Essentially this amazing lady has made a life's work out of helping the handicapped and the destitute and homeless elderly in Iran regardless of their ethnic or religious affiliations, age or gender.
When she first began her work she had a two room house with no amenities to work with and now is the director of what is essentially an entire town sized community with 1,800 patients and 900 volunteers, some of whom have come to bath and feed the elderly for over 35 years now.
Her organization is very different from most institutions for elder care. When she began often the elderly would die the next day after she accepted them. She went around the world studying elder care facilities and came to the conclusion that most old people suffered from melancholy, loneliness and a feeling of uselessness.
Their room was their jail cell while they waited for their grave. She decided that seperating people by age was not natural or healthy and she set up a daycare and eventually a school K through 12 and encouraged the volunteers and employees to bring their children. She began taking in handicapped young people. She set up adult education classes and work shops where elderly could learn employable skills ranging from weaving sweaters to ceramics. Once they started working and earning income instead of being useless they could send money to help relatives who had once shunned them as a burden. She offered every kind of sport and therapy, especially music and singing lessons. Now rather than dying the next day the typical elderly patient lives an additional 12 years there on the average. She said that 45 handicapped patients have married there and not a single divorce so far.
They have created a museum recognized by the State with keepsakes from life long volunteers who have passed away and also a zoo filled with donated animals. There is a hospital within the complex. One of her patients made a wheel chair tour around the world, starting and ending in Vancouver. It took a couple of years but upon his return the Canadian government gave him and his entire family citizenship and a house to live in.
She said that they never have more than a months' salaries in their account but are never short of money either because everyday God gives someone the opportunity to discover how to give. She said that so many people give them foodstuffs and lamb meat that they cannot use it all and send it to their counterparts all over Iran to feed their patients.

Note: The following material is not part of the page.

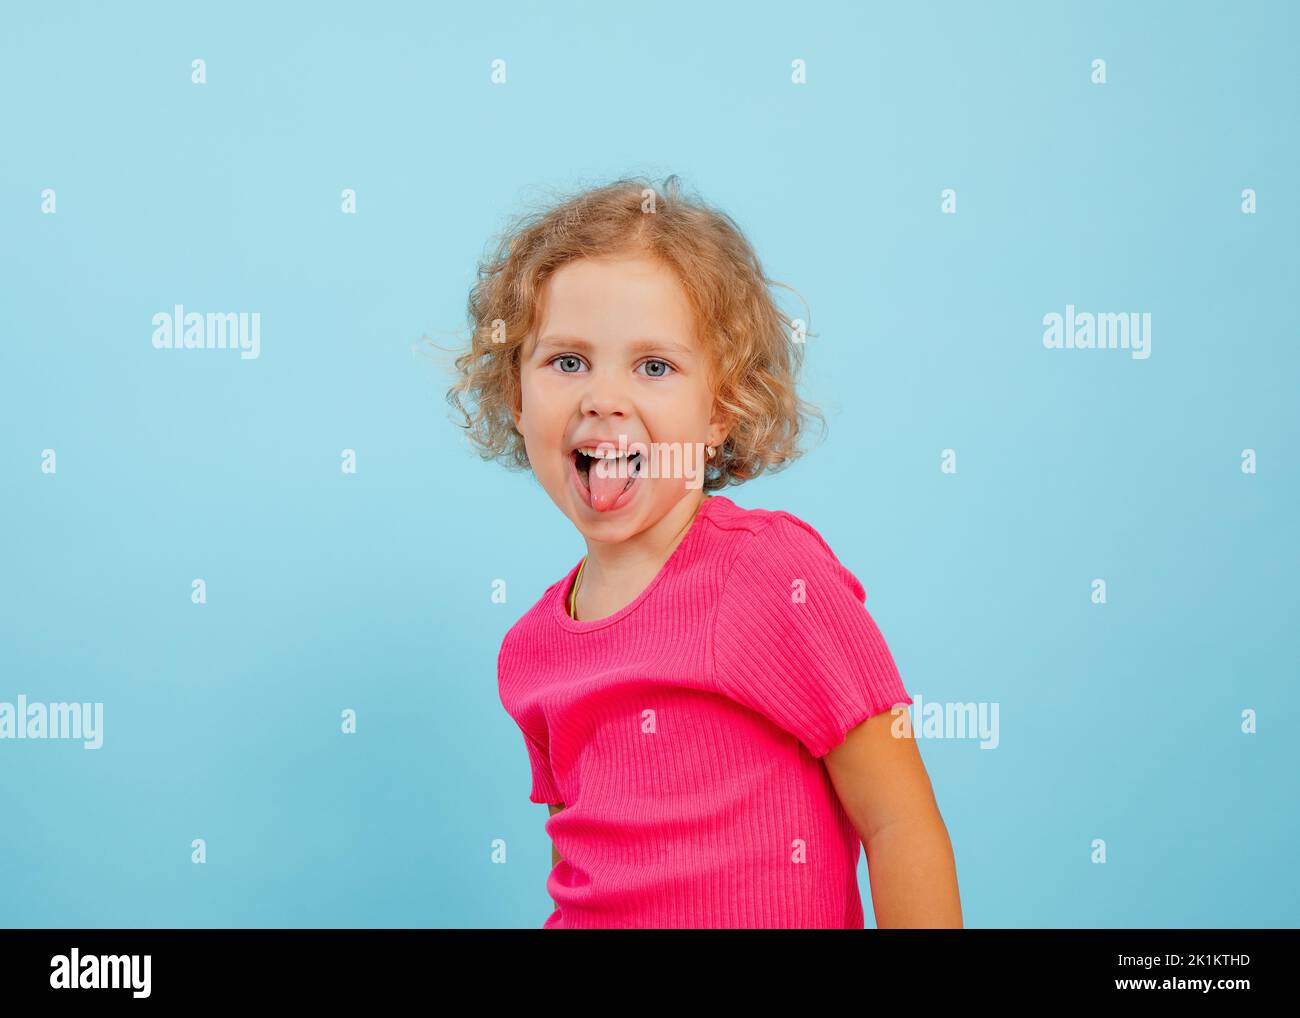 Portrait of happy blue-eyed little girl with curly hair looking, showing tongue, grimacing teasing on blue background. Stock Photo

She ended by stating that there is no other elderly care facility on the planet like the Kahrizak model with its mix of elderly and handicapped and children and employment and education and that every year they have big Norooz and Christmas celebrations there and she spends her holidays with them. Finally she said that it was not about what 'I' had done but about what “we” had done and that Iran can offer the world solutions for the common problems of humanity.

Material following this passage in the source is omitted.